Data collected during the 2005-2006 school year from two public schools in Portugal. The data comes from two sources: school recordings (e.g. grades, number of school absences) and self-reporting questionnaires (e.g. workday and weekend alcohol consumptions, parents' jobs, quality of family relationships, frequency to go out with friends).
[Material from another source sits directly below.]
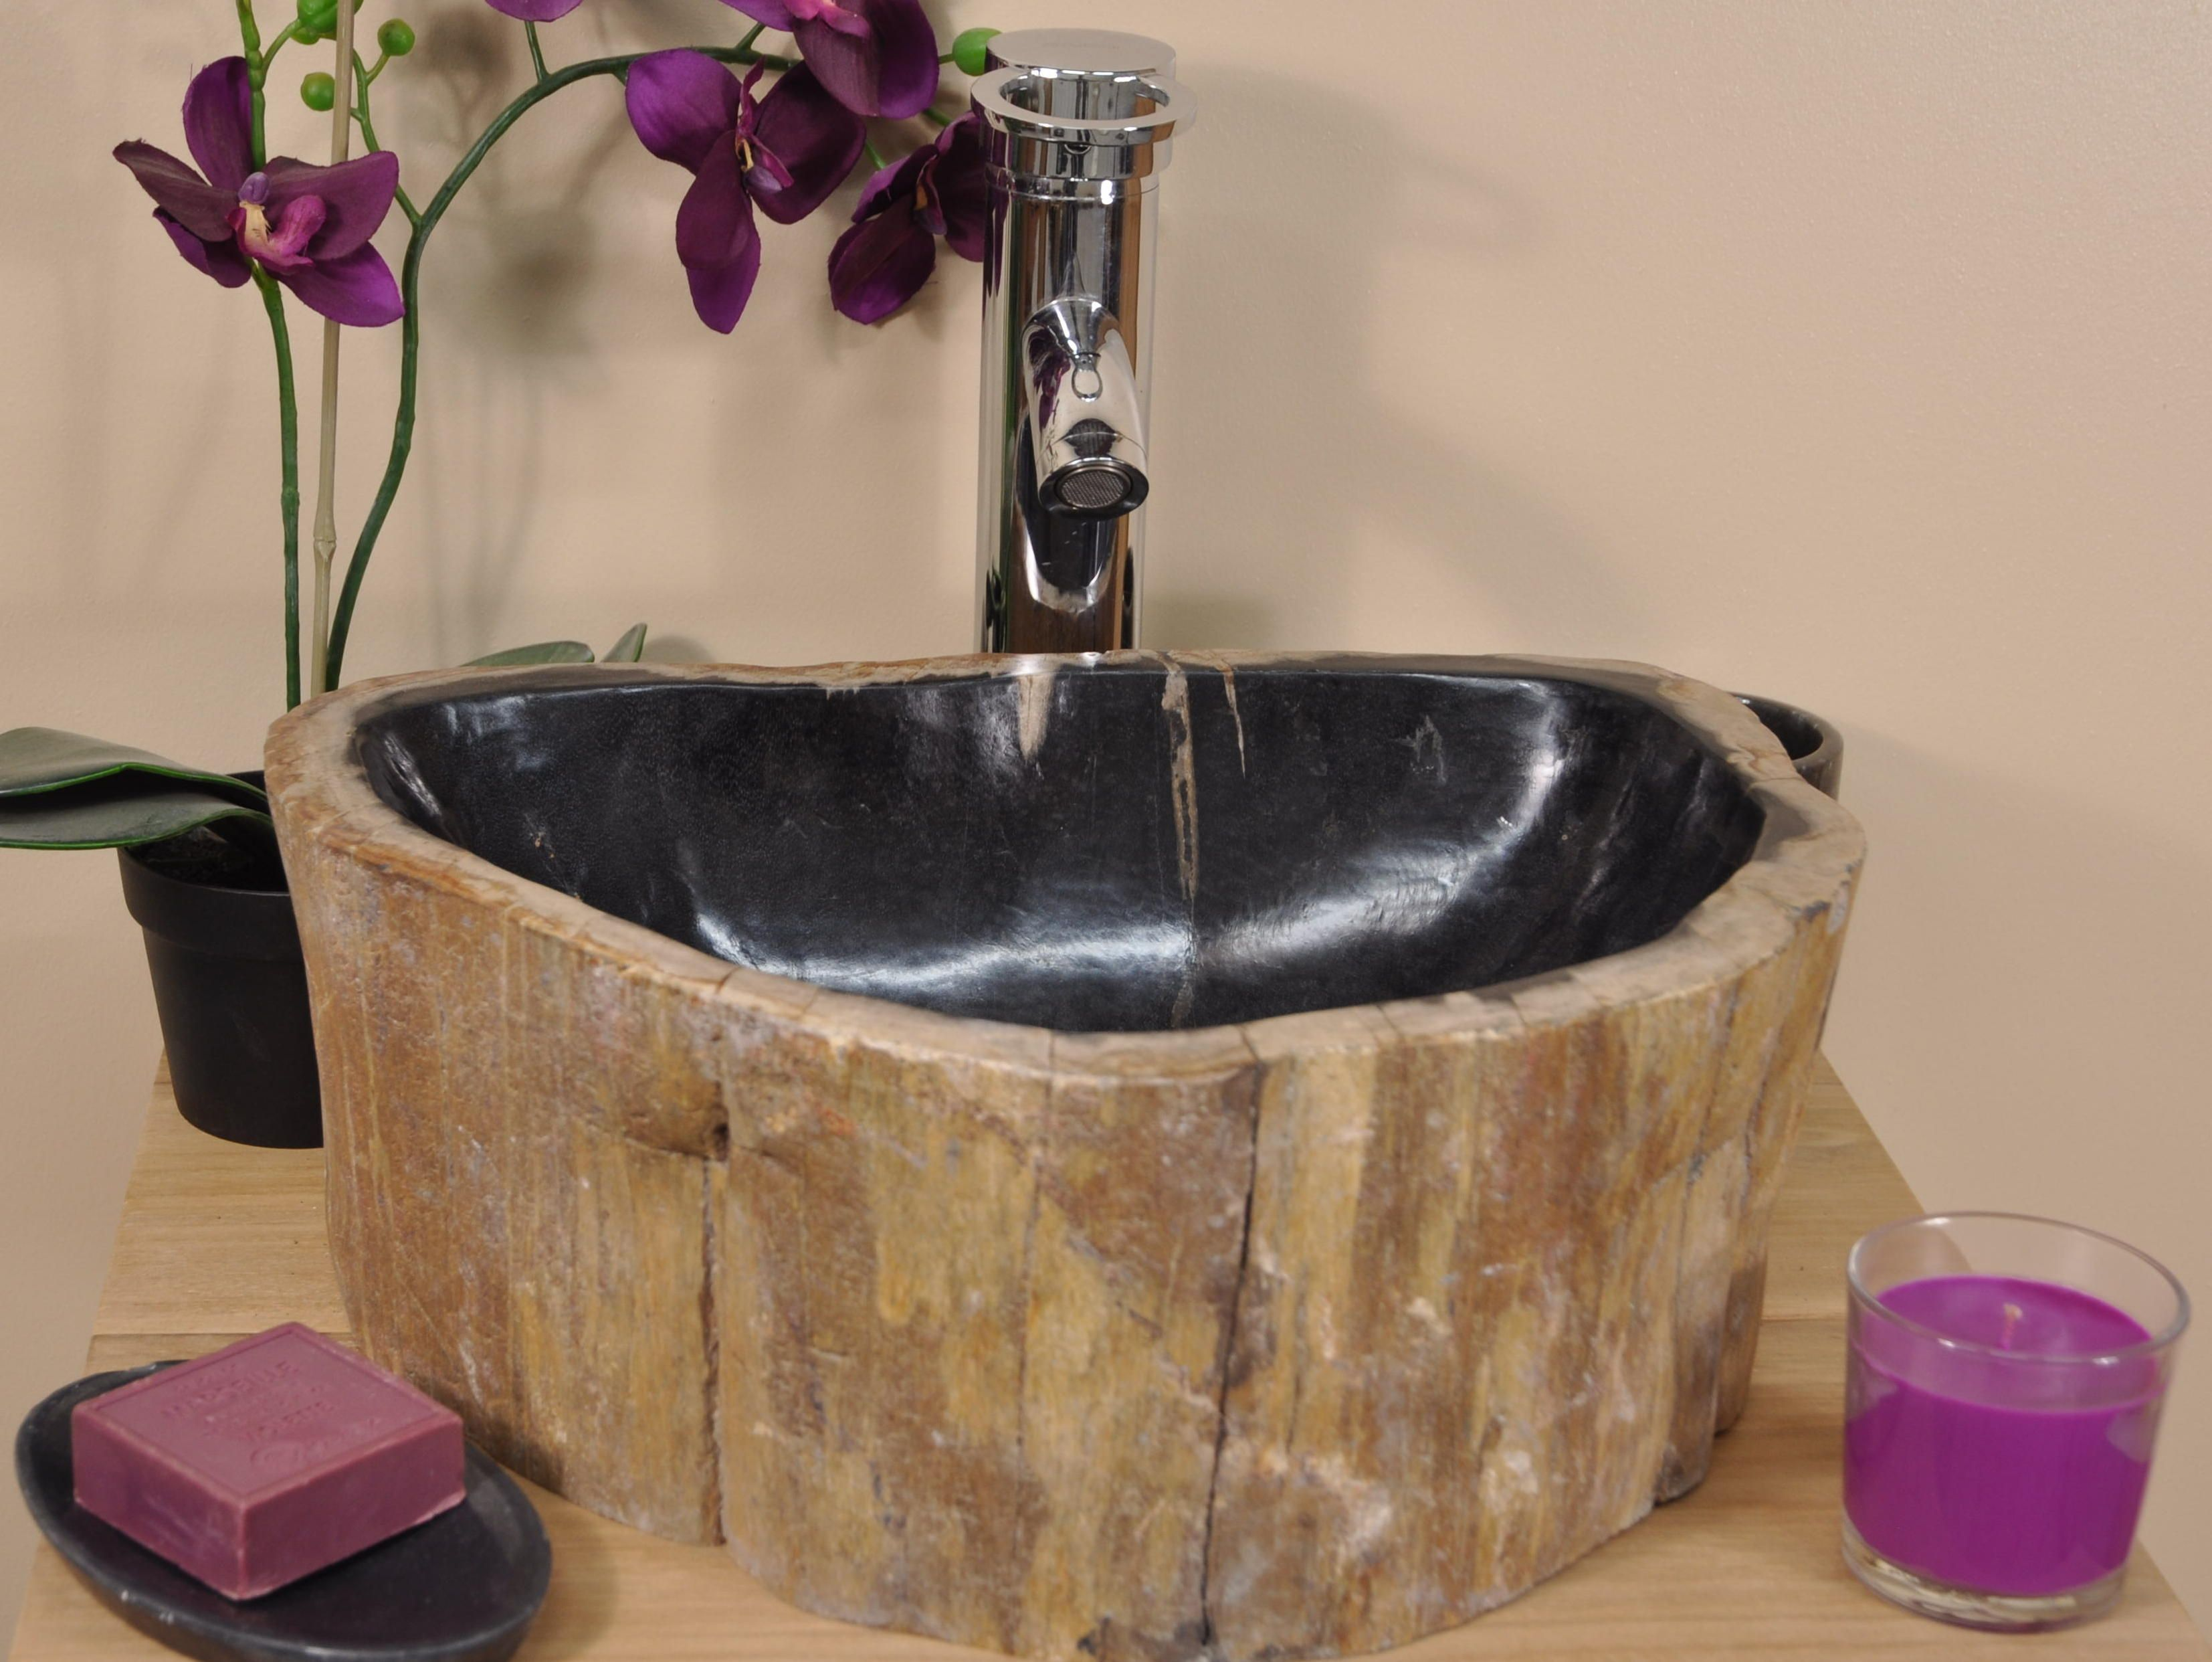 Vasque A Poser En Bois Petrifie Fossilise De Qualite Exceptionnelle Polie A L Interieur Et Brute A L Exterieur Vasque Vasque Bois Petrifie Salle De Bain Bois

It was originally collected and first studied in Cortez and Silva (2008) .
student
A data frame with 395 observations and 45 variables:
alc
student's alcohol consumption (binary: 0 = low, 1 = high)
schoolMS
student's school (binary: 0 = Gabriel Pereira, 1 = Mousinho da Silveira)
sexM
student's gender (binary: 0 = female, 1 = male)
age
standardized student's age
addressU
student's home address type (binary: 0 = rural, 1 = urban)
famsizeLE3
family size (binary: 0 = greater than 3, 1 = lower or equal to 3)
PstatusT
parent's cohabitation status (binary: 0 = living apart, 1 = living together)
Mjobat_home
mother's areas of professional activity (binary: 0 = others, 1 = at home)
Mjobhealth
mother's areas of professional activity (binary: 0 = others, 1 = health care related)
Mjobservices
mother's areas of professional activity (binary: 0 = others, 1 = public services)
Mjobteacher
mother's areas of professional activity (binary: 0 = others, 1 = teacher)
Fjobat_home
father's areas of professional activity (binary: 0 = others, 1 = at home)
Fjobhealth
father's areas of professional activity (binary: 0 = others, 1 = health care related)
Fjobservices
father's areas of professional activity (binary: 0 = others, 1 = public services)
Fjobteacher
father's areas of professional activity (binary: 0 = others, 1 = teacher)
reasoncourse
reason for choosing the school (binary: 0 = others, 1 = course preference)
reasonhome
reason for choosing the school (binary: 0 = others, 1 = close to home)
reasonreputation
reason for choosing the school (binary: 0 = others, 1 = school reputation)
guardianfather
student's guardian (binary: 0 = others, 1 = father)
guardianmother
student's guardian (binary: 0 = others, 1 = mother)
traveltime2
home to school travel time (binary: 0 = others, 1 = 15 to 30 min)
traveltime3
home to school travel time (binary: 0 = others, 1 = more than 30 min)
studytime2
weekly study time (binary: 0 = others, 1 = between 2 to 5 hours)
studytime3
weekly study time (binary: 0 = others, 1 = between 5 to 10 hours)
studytime4
weekly study time (binary: 0 = others, 1 = more than 10 hours)
failures1
number of past class failures (binary: 0 = others, 1 = one)
failures2
number of past class failures (binary: 0 = others, 1 = two or more)
schoolsupyes
extra educational school support (binary: 0 = no, 1 = yes)
famsupyes
family educational support (binary: 0 = no, 1 = yes)
paidyes
extra paid classes (binary: 0 = no, 1 = yes)
activitiesyes
extra-curricular activities (binary: 0 = no, 1 = yes)
nurseryyes
attended nursery school (binary: 0 = no, 1 = yes)
higheryes
willing to take higher education (binary: 0 = no, 1 = yes)
internetyes
Internet access at home (binary: 0 = no, 1 = yes)
romanticyes
involved in a romantic relationship (binary: 0 = no, 1 = yes)
famrel
standardized quality of family relationship (original data from 1 to 5)
freetime2
free time after school (binary: 0 = others, 1 = low)
freetime3
free time after school (binary: 0 = others, 1 = medium)
freetime4
free time after school (binary: 0 = others, 1 = high)
freetime5
free time after school (binary: 0 = others, 1 = very high)
goout
standardized going out with friends variable (original data from 1 to 5)
absences
standardized number of school absences (original data from 0 to 75)
G1
standardized first period grade (original data from 3 to 19)
G2
standardized second period grade (original data from 0 to 19)
G3
standardized final period grade (original data from 0 to 20)
Cortez P, Silva AMG (2008). “Using data mining to predict secondary school student performance.” In Proceedings of 5th Annual Future Business Technology Conference, Porto, 2008, 5-12.